Not content with just rubbing his own body he rubbed his hands all over Joe’s chest, still wailing, “BRONZADOR!” over and over again. Never have I seen Joe look so bewildered and horrified.
After multiple protests, he finally got up to leave, but not without picking up Joe’s travel towel case and cradling it like a baby. Joe intervened, saying, “Excuse me, that’s mine”, and he put it back down looking broken-hearted. I’m unsure why he would select that. I can’t think of a more useless object to try and take.
We sat in silence confused before Joe stammered,
“What the hell just happened? Why do I feel like I’ve been molested?”
“Well…you kind of were…He was really going to town on your chest there.”
We both burst out laughing at the ridiculousness of it all.
“Oh well, let’s try to relax now.”
At least the beach was very pretty. We’d chosen a lovely area of the beach to chill out. We pondered why nobody else was here. Everyone seemed to be huddled further down the beach on the dark, wet sand, right next to the main road and a load of litter. Strange. Why is everyone down there?
The answer swiftly presented itself by slapping us both in the face with a fistful of sand. The wind on the beach seemed to created a miniature sandstorm every 10 minutes or so. There’s only so many times you can be whipped in the face before deciding to join the others on the wet, immovable patch of the beach, trying to ignore the noise of the traffic.
Joe left me with the stuff while he went for a dip, and it wasn’t long before another strange encounter presented itself.
A young man was selling paper flowers.
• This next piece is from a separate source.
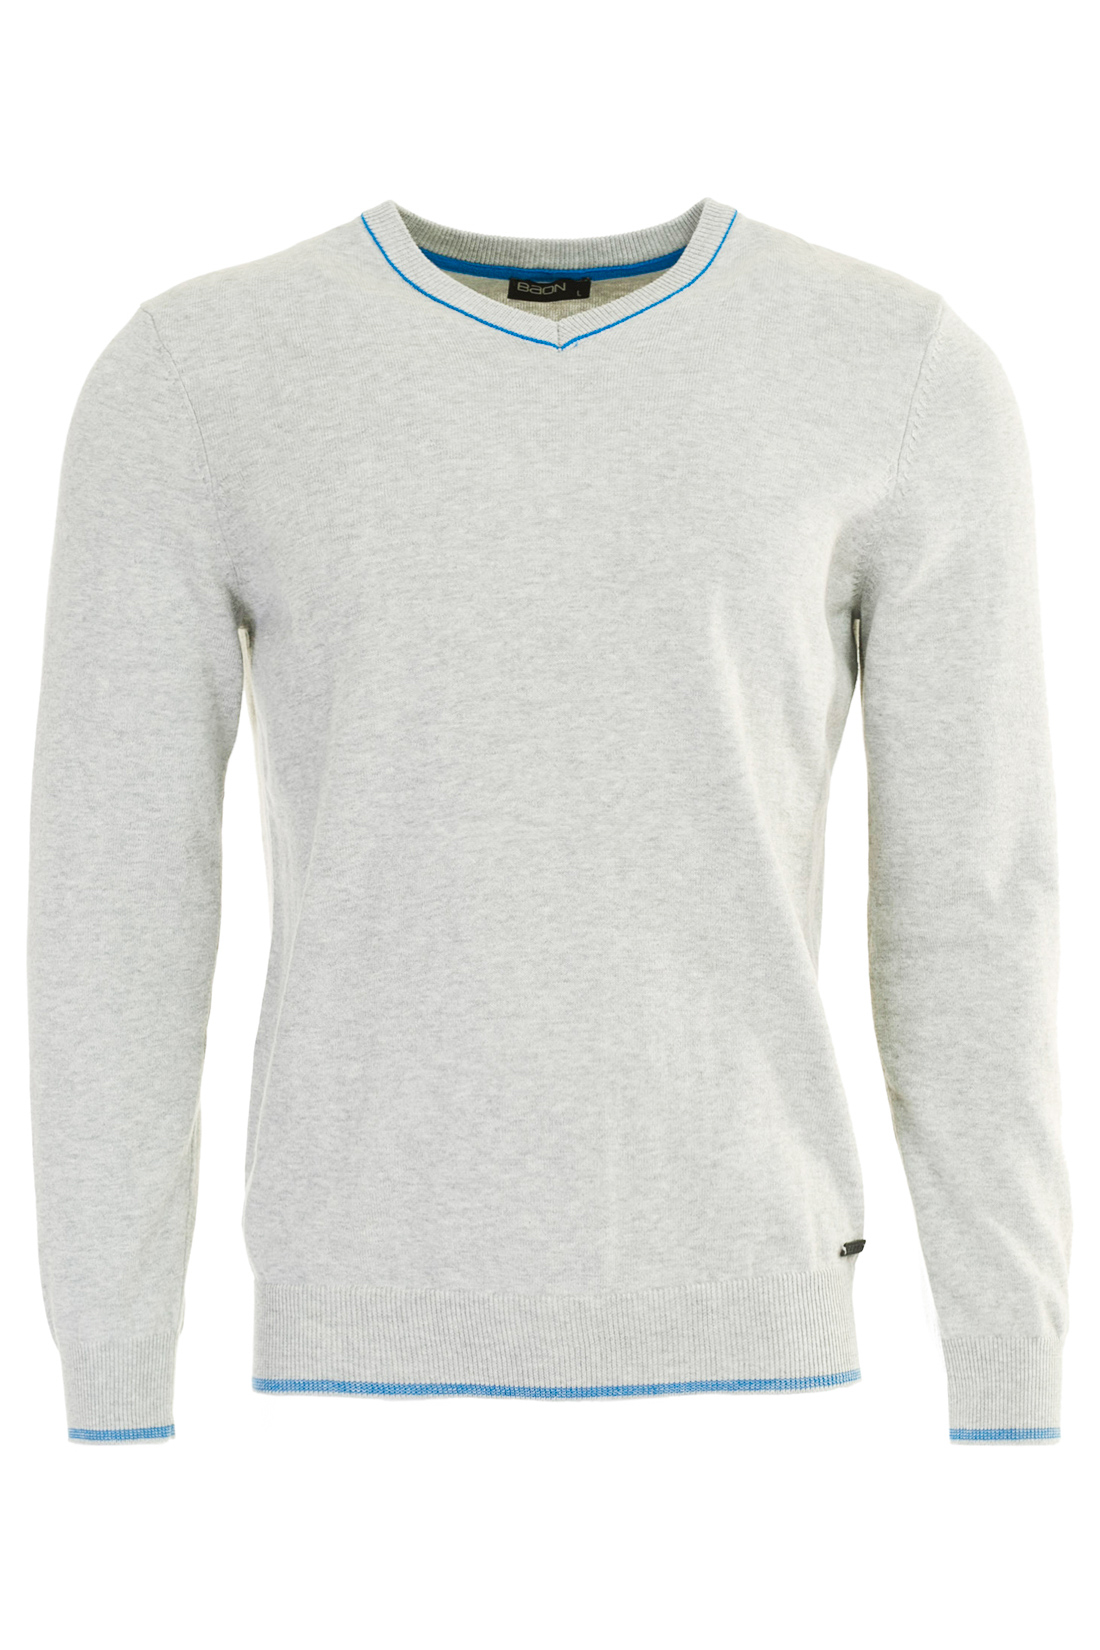 Пуловер с окантовкой (арт. baon B637011), размер L, цвет silver melange#серый Пуловер с окантовкой (арт. baon B637011) - фото 3

I politely declined his offer, when he responded with “I’m hungry, I need to eat…” and in the pause, he looked me up and down, licked his lips, and added the two words “your pussy”.
Horrified, this time I told him to fuck off, but he remained unfazed, winked at me, laughed, and slowly loped away, keeping eye contact. I kept seeing him prowling in my periphery for the rest of the day and I’ve never felt so uncomfortable in a swimming costume.
Joe returned and I had to blurt out
“God I hate this beach!”
It’s OK, we thought, tomorrow, we will try another beach. I’d read that the surrounding beaches were a lot nicer than this one. We looked forward to hiring a scooter and exploring the local area.
But could we get a scooter? No, we could not get a scooter for love or money. They were sold out at every rental shop for our whole time we were there. I guess all the other tourists were as desperate to leave San Juan Del Sur as we were!
There was also no public transport. As a last resort, we asked the taxis for a price and were gobsmacked at the extortionate prices they were asking for such short distances. There was no way we could afford what they were asking, so we were stuck here in San Juan Del Sur. I know I shouldn’t complain about not being able to leave a beach but it was such a disappointment.
Instead of exploring the surrounding beaches we hiked to visit “The Christ of Mercy” a somewhat small scale, budget version of “Christ Redeemer” and to view the beach we hate from above.
This was quite fun, at least we were doing something more active than trying to avoid sandstorms and awkward interactions.

San Juan Del Sur seemed to come into it’s own in the evenings. The beach bars were a pleasant place for a light beer, some music and a game of cards.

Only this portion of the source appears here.